Today you wonder whether the tears are flowing more copiously, or have just dried up in resignation on hearing from Goldman Sachs’ boss Lloyd Blankfein, sitting comfortably atop first quarter profits of £1.47bn (1.2% of UK government borrowing in 2012), that Osborne is stuck with his austerity approach, like it or lump it.

Talk about a rock and a hard place.  Speaking on Radio 4’s Today Programme, Blankfein fundamentally concurred with the conclusions of IMF chief economist Olivier Blanchard last week, and the thinking behind the decisions of first Moody’s and latterly Fitch to downgrade the UK’s triple A credit rating.  If the country’s efforts to escape the downturn are to not to continue to resemble those of a spider climbing out of the bath, it needs an economic plan B.

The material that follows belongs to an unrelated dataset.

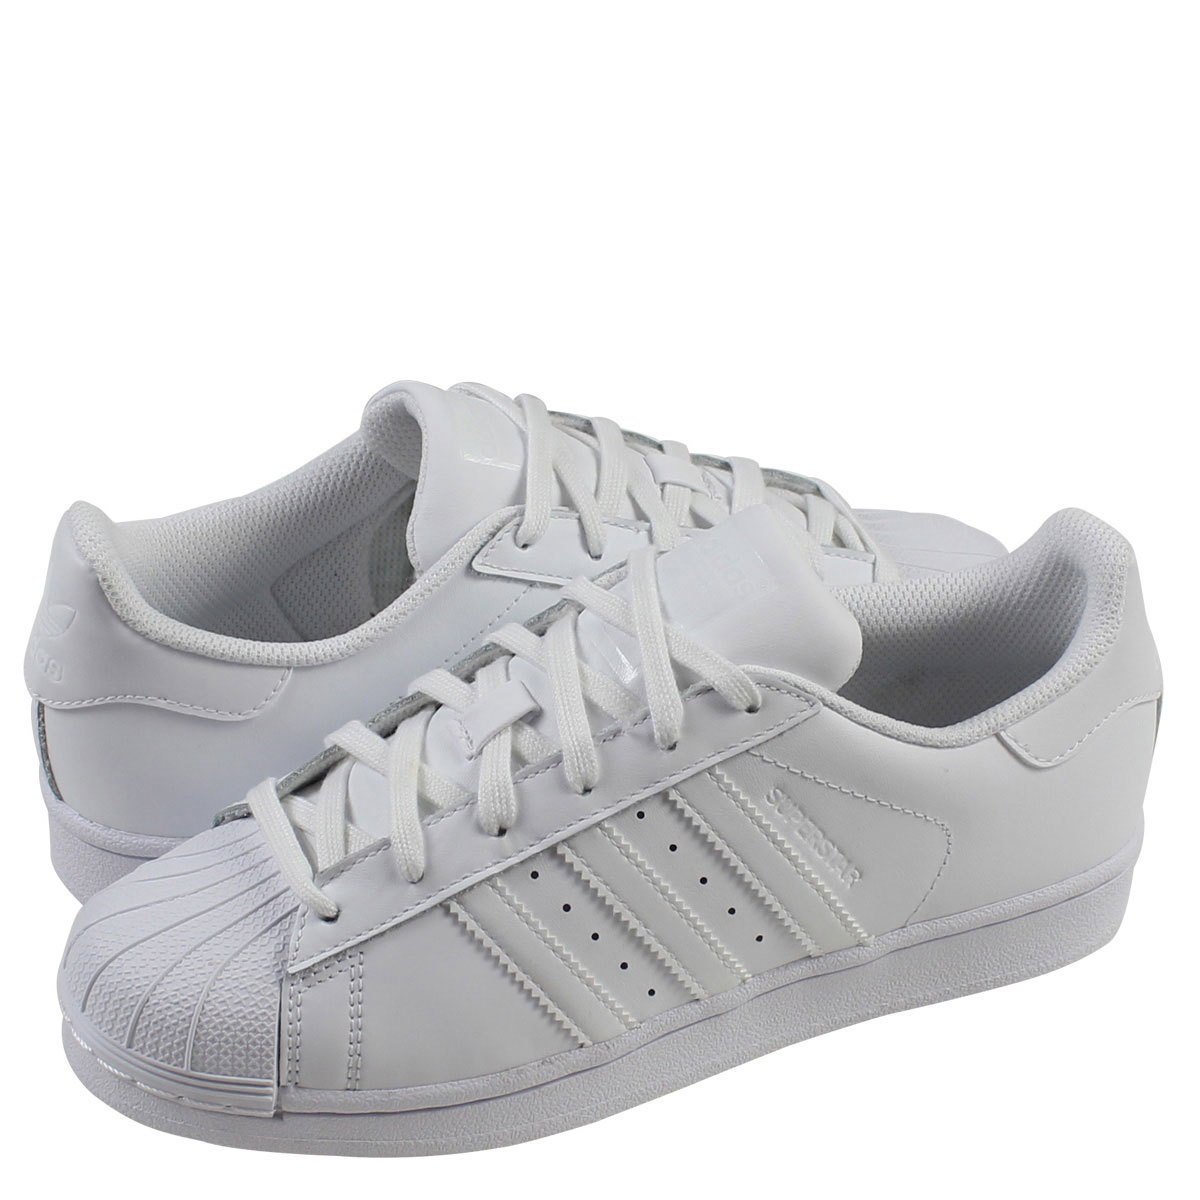 ... top quality allsports laquopre order itemsraquo laquo7 31 days  stockraquo adidas originals adidas originals womens superstar 9c5f14859

“You would like it at this part of the cycle not to cut, to push out austerity and not to shrink the economy,” said Blankfein.  But, tough, he added. That course is only permitted to countries, which have done their housekeeping, balanced the books and not cranked up an enormous deficit, otherwise the markets will react badly.

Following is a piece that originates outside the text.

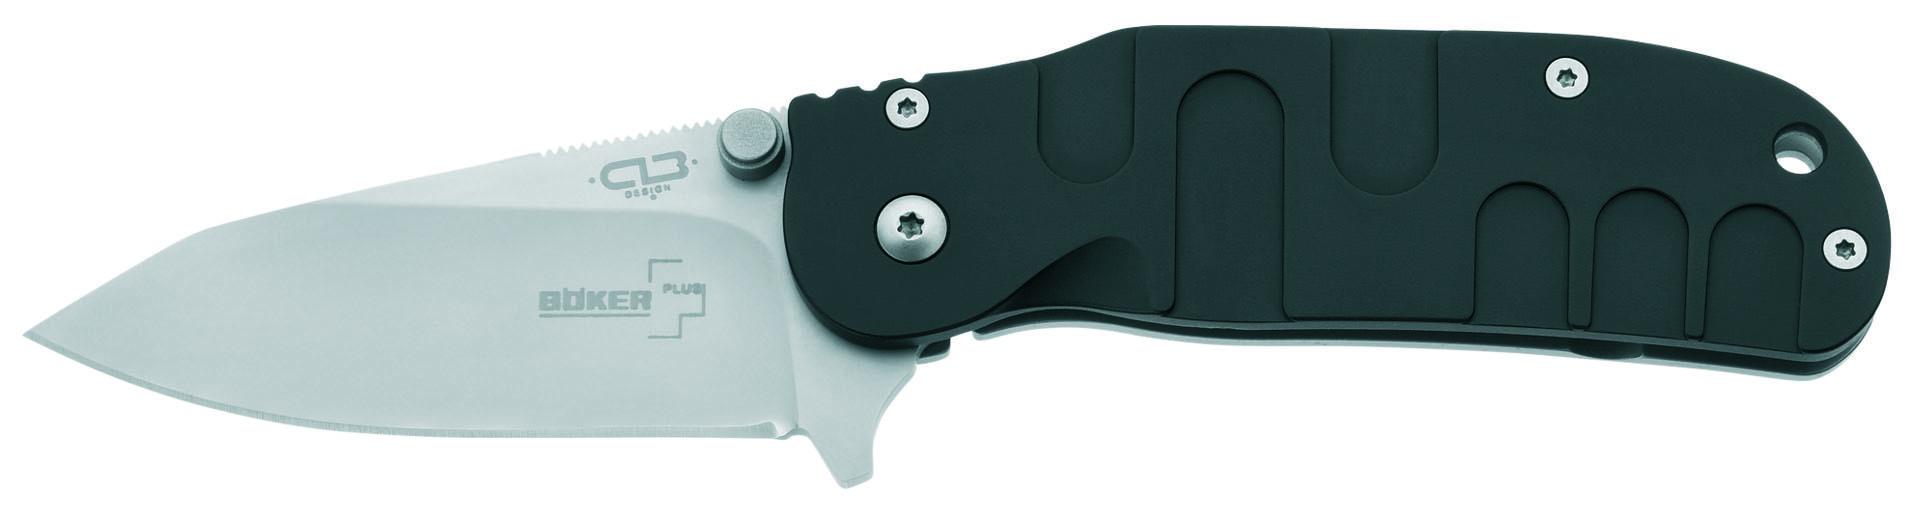 Boker 01BO585 Plus CLB Subcom Hawkbill Framelock Knife

“If you have a big deficit, you lose optionality,” said Blankfein. “The choices get taken away from you.”

So no chance then of that preferable loosening of the purse strings to let the economy breathe. Instead, continued snail-paced growth, with the likelihood of the further credit rating downgrades that entails, followed, in turn, by probable higher government borrowing costs and, consequently, even less flexibility for pump priming business and industry.

Reading between Mr Blankfein’s lines, businesses, especially small to medium-sized ones (SMEs), can’t expect the banks to stump up much more of the cash that government can’t provide either. The reason? They’re frightened, poor loves.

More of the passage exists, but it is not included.